Joe Garcia, a fellow at the NDN think tank, said Obama made it clear he would lift these restrictions and change U.S. policy with Cuba during the presidential campaign. Restricting travel and remittances by Cuban-Americans makes little sense in terms of policy or politics, said Garcia, a Democrat who last fall unsuccessfully challenged Rep. Mario Diaz-Balart (R-Fla.), one of Congress’s staunchest supporters of the embargo.
Simon was quoted in a New York Times Syndicate piece by Marcela Sanchez about perceptions of President Obama in Latin America:
...Recent polls show Obama is more highly regarded in Latin America than in the United States. With an event such as the town hall meeting in Strasbourg, France, or the roundtable discussion with students in Istanbul, Turkey, Obama could chip away at the less than casual anti-American sentiment that festers in the region.
"We haven't had a global leader with Obama's appeal in a very long time," said Simon Rosenberg, president of the center-left Washington think tank NDN, who added that the president's power to reach out is aided not only by today's communications but also by his desire to speak straight and openly to people everywhere. "The politics of the bottom up we saw in the election is going global," Rosenberg said.
Finally, Simon was featured extensively in an ABC News story about immigration and how it actually affects the job security of U.S. citizens:
Simon Rosenberg, president and founder of NDN, a Washington, D.C.-based progressive think-tank and advocacy group that is pushing for change in immigration law, also agreed. He said that letting illegal immigrants move down the path to legal work and citizenship will help all workers.
"If anything, it will help low-end workers across the country because it would remove the trapdoor under the minimum wage," he said. Right now, these workers are "driving down wages for you. They are creating unfair competition."
Rosenberg said immigration reform is not going to cause an influx of new immigrants into the country.

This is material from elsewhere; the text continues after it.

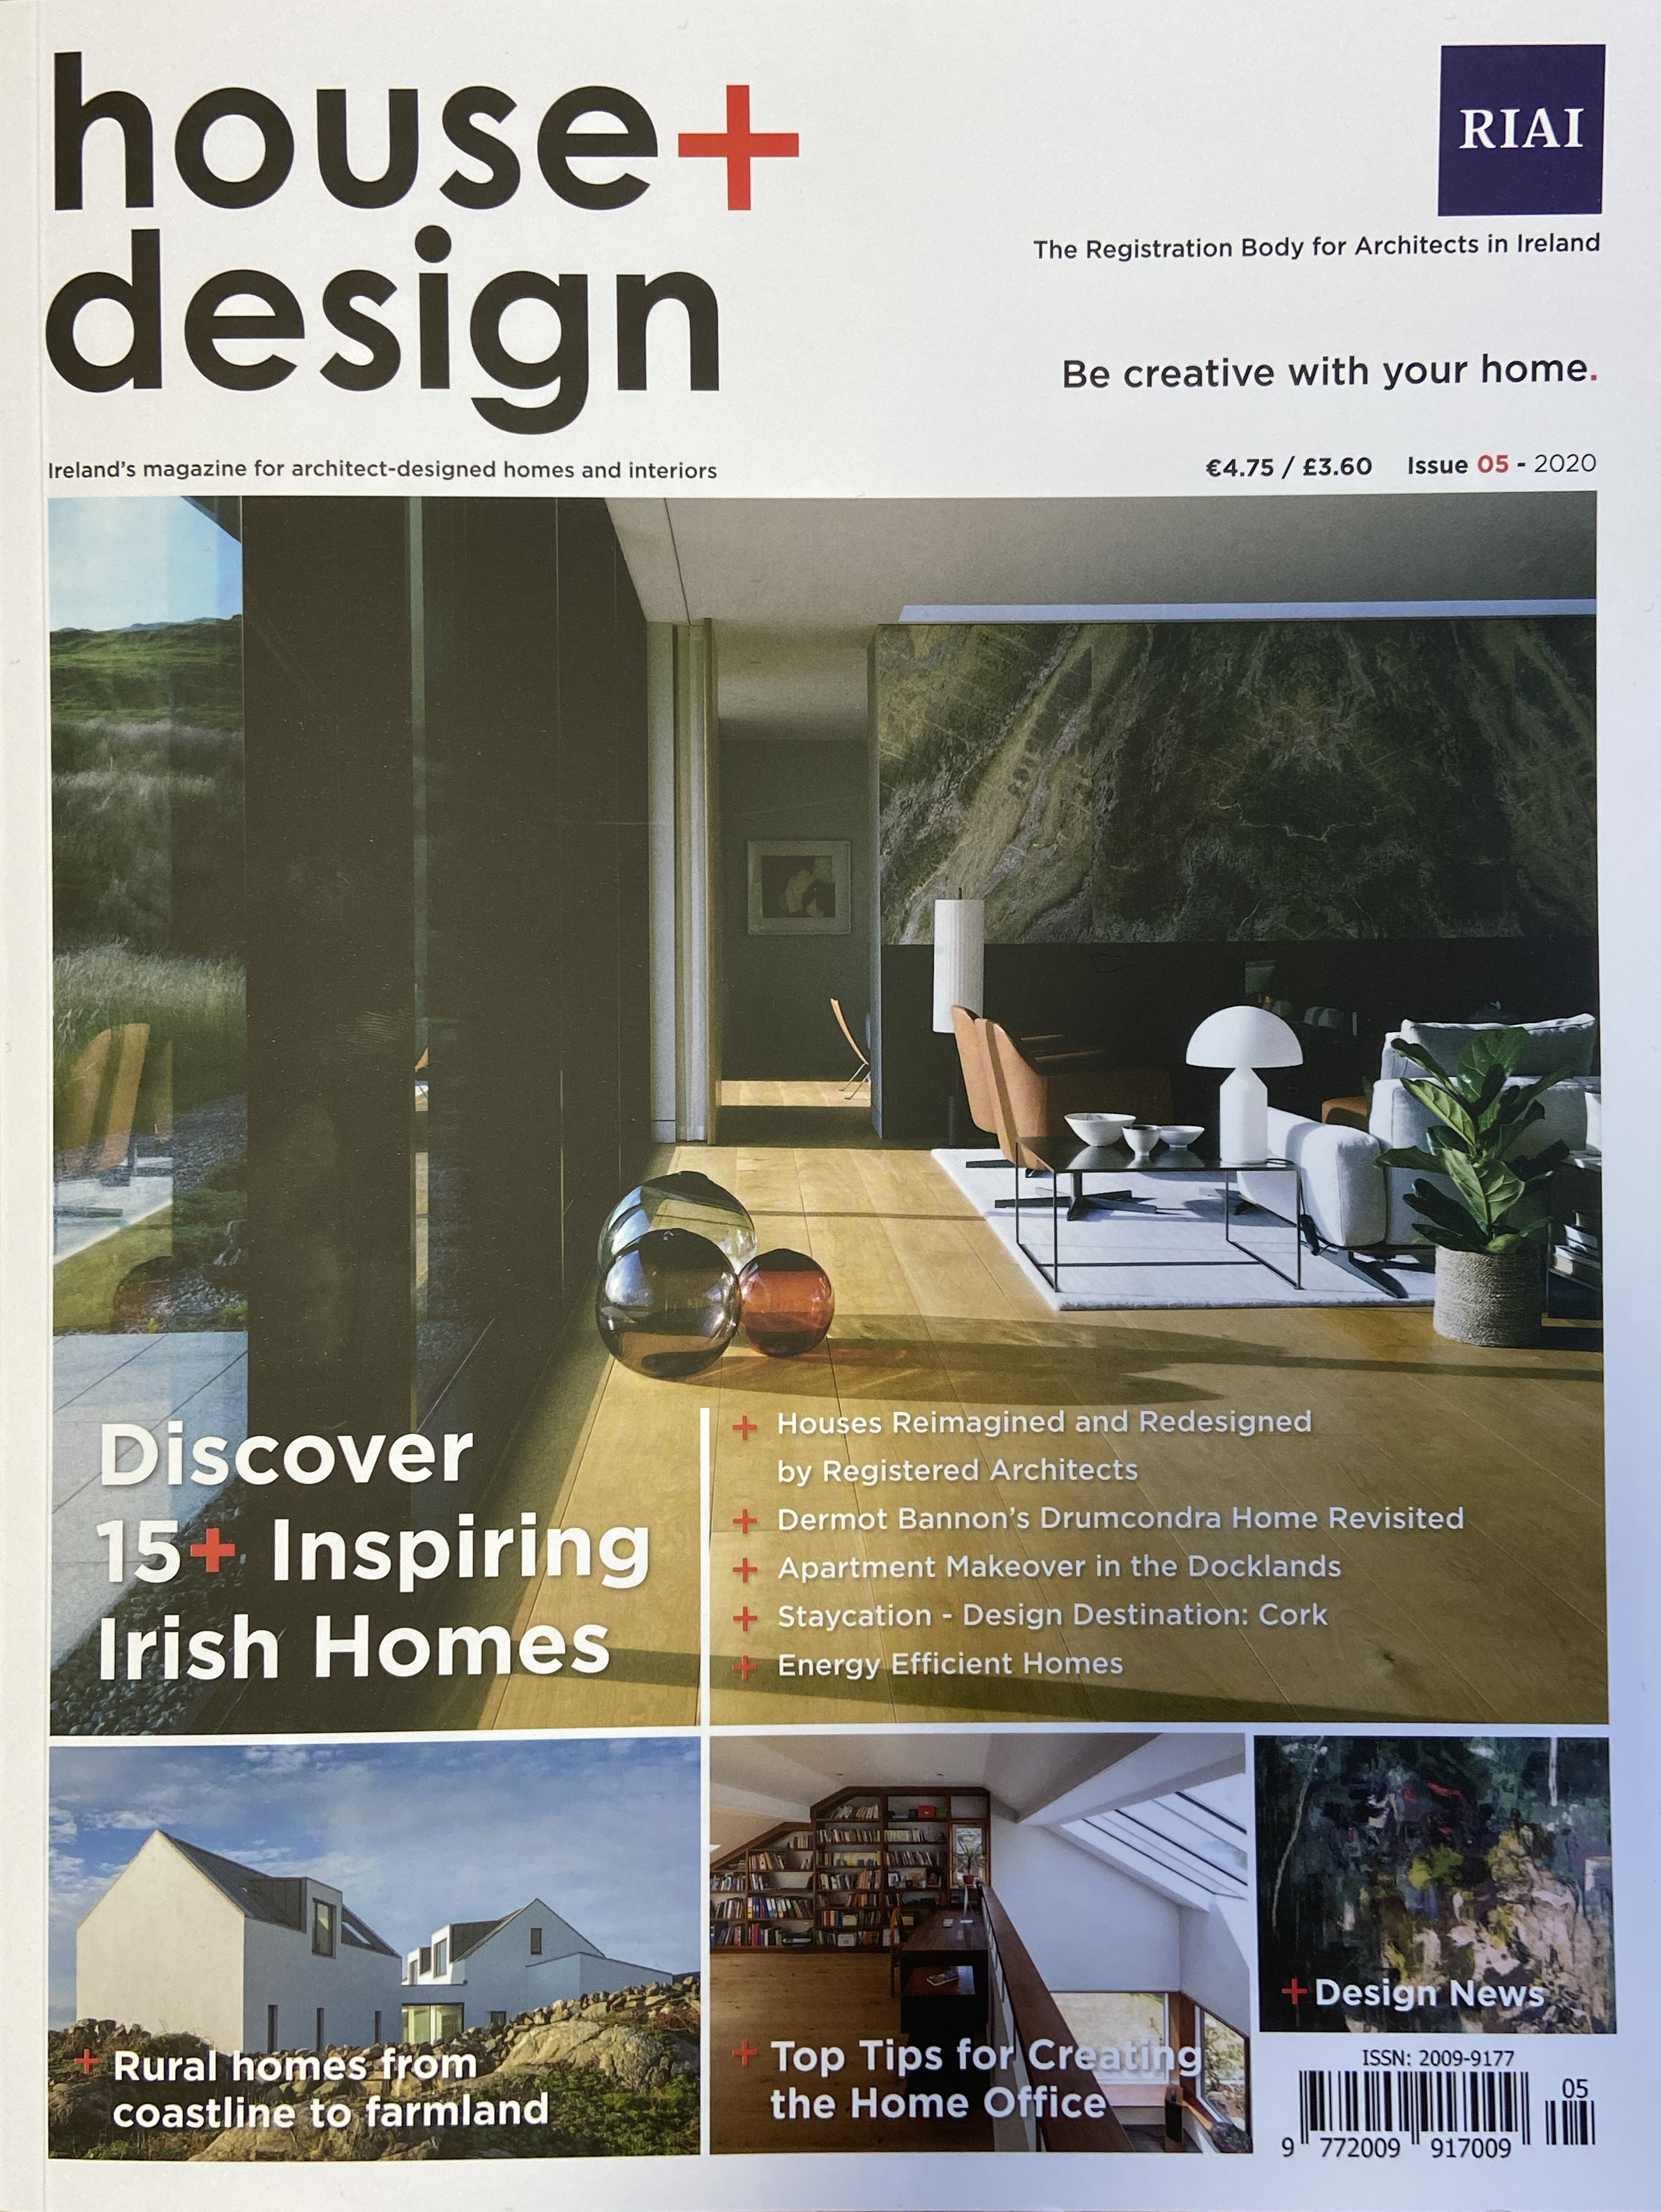 house+design 05 2020 cover.png

"You against an illegal worker, you lose that fight every time," he said. "The worst possible thing for American workers is to have a vast pool of undocumented immigrants in the United States."
There are some business owners who say immigration changes would only increase the cost of doing business and drive up prices for all.
Rosenberg says to them: "I think the idea that we are accepting illegal exploitation of workers to prop up businesses, there's a question as to whether those businesses should be in business in the first place.
Ultimately, Rosenberg believes that change in immigration law reform would be good for the country, economically and socially.
"It will take the air out of the balloon of some of the most virulent racism that we've seen in America in generations," he said. "There is publicly sanctioned racism against Hispanic-Americans in this country today in a way that is very unhealthy and morally unacceptable in the age of a bi-racial president."